Америка была не готова, хотя эпидемиологи давно предупреждали о том, что происходит в Китае. Уверена, что можно было бы запастись хотя бы достаточным количеством защитных костюмов и масок для врачей. Понимаю, что аппараты для диализа и ИВЛ — дорого. Но медперсонал носил пластиковые пакеты вместо защиты. Хотя бы этого можно было избежать. После введения карантина поступление людей в инфекционные отделения стало снижаться. В последнюю неделю койки даже стали освобождаться. До этого реанимировали людей как на конвейере.

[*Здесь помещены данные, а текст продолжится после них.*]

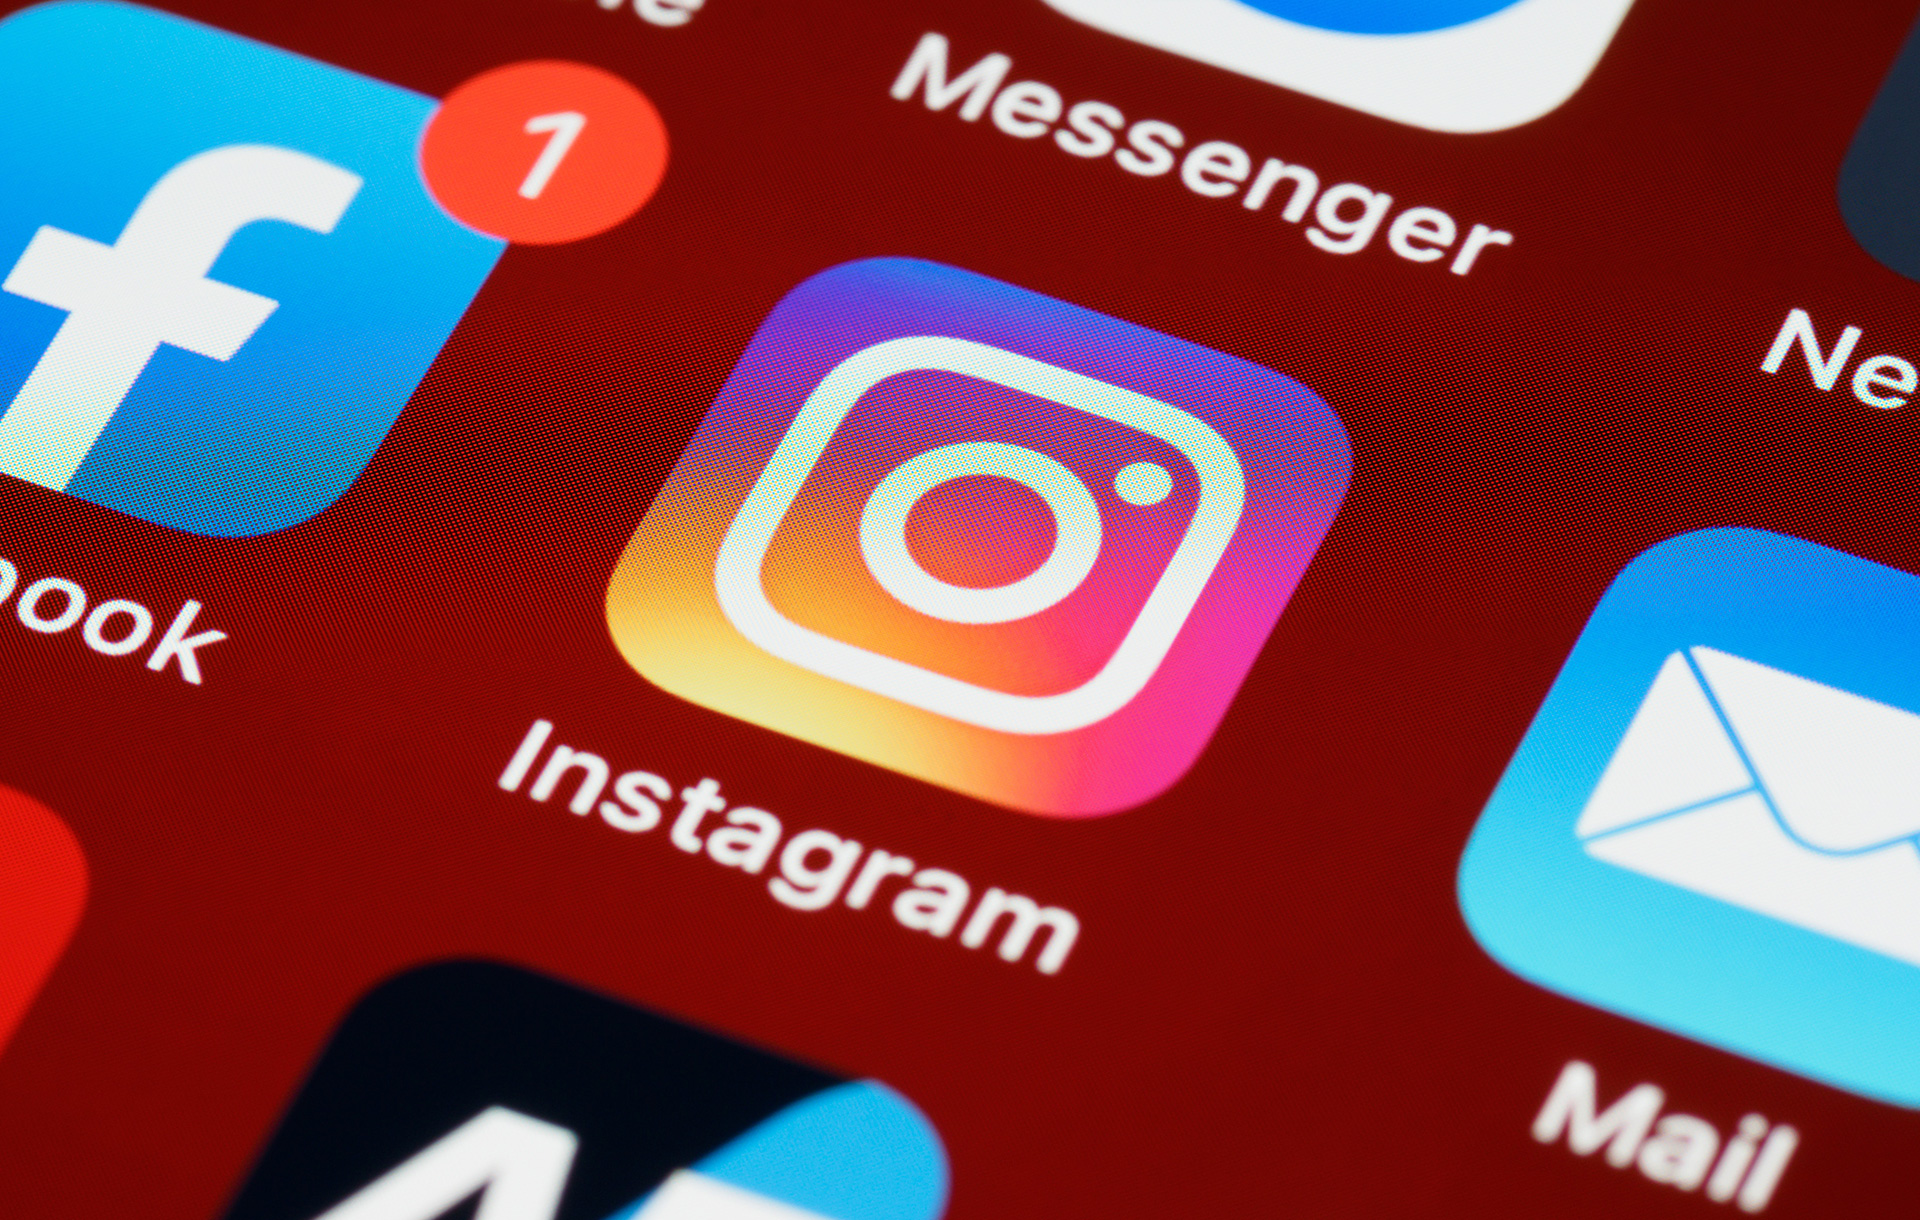 Are Instagram ads more valuable than Facebook ads

Наш президент говорил, что ничего страшного не происходит — всего лишь пара человек переболеет. К сожалению, он не послушал профессионалов. Это далеко не обычный грипп: новая разновидность, структура из вирусных клеток, которая мутирует. Наш организм к этому не готов, вакцины от такого заболевания нет. Этот вирус очень контагиозный, живет в воздухе в течение нескольких дней. Так же, как и мои коллеги, за свою двадцатилетнюю практику работы я впервые сталкиваюсь с таким тяжелым заболеванием. Его можно сравнить с испанкой, но никак не с обычным сезонным гриппом.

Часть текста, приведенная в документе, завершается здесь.